**Problem to work on**:
Reproduce the lines below exactly. Skip images.

**Data extract**:

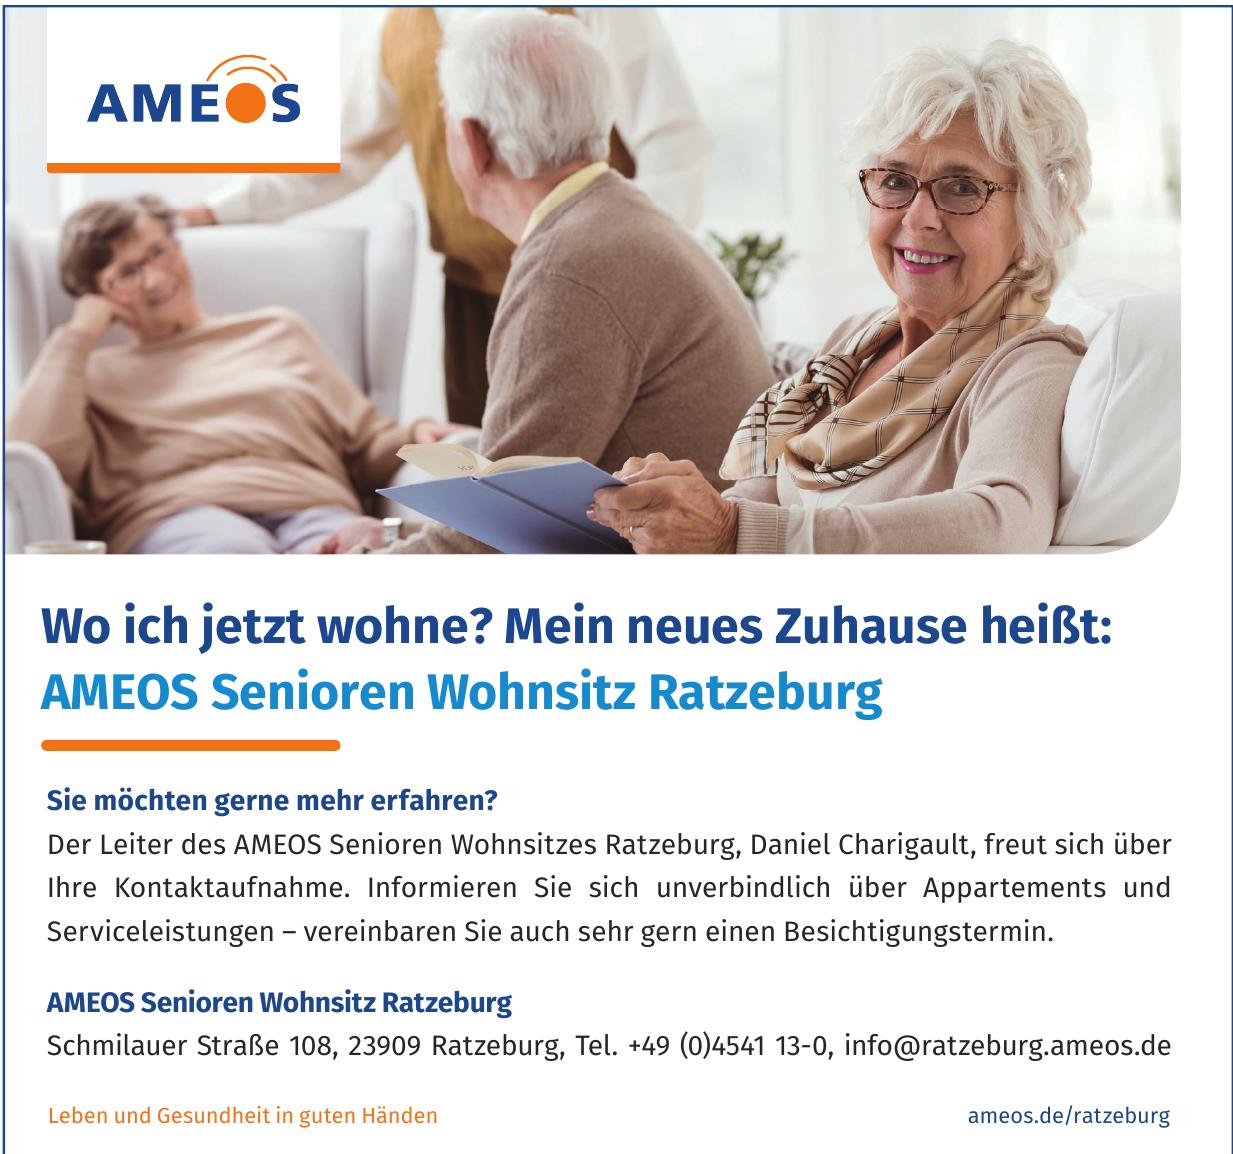 AMEOS Senioren Wohnsitz Ratzeburg
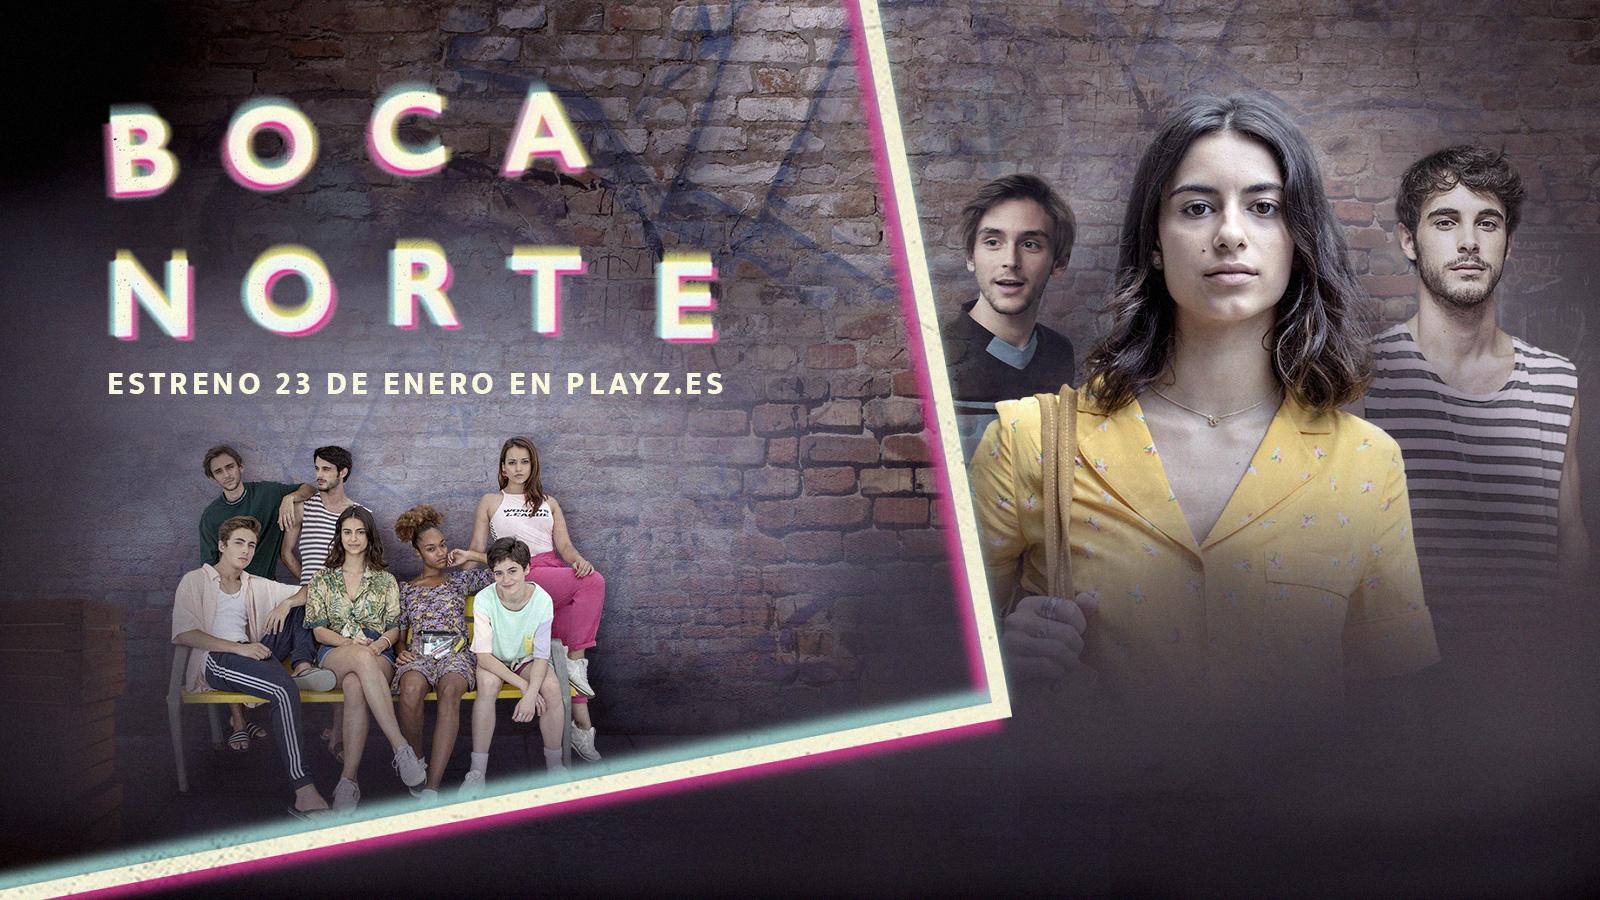 Telediario - 'Boca Norte', la nueva serie de Playz, se estrena este 23 de enero
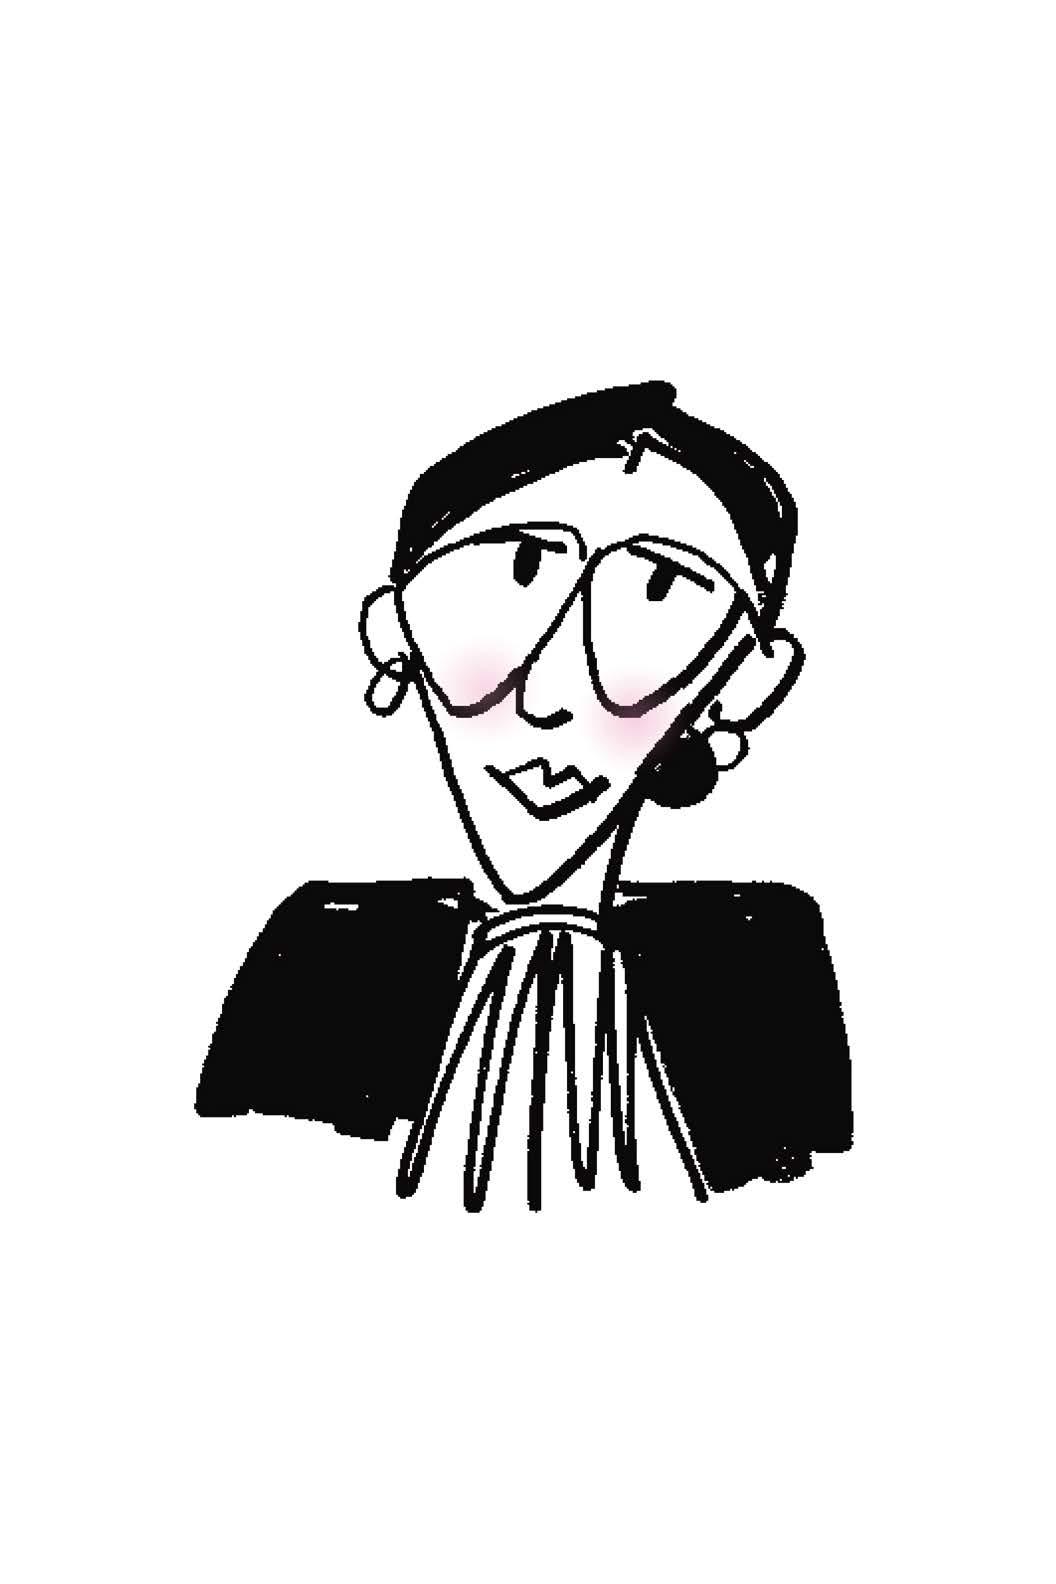 Portrait of Ruth Bader Ginsberg

**Solution for this exercise**:
 AMEOS Senioren Wohnsitz Ratzeburg
 Telediario - 'Boca Norte', la nueva serie de Playz, se estrena este 23 de enero
 Portrait of Ruth Bader Ginsberg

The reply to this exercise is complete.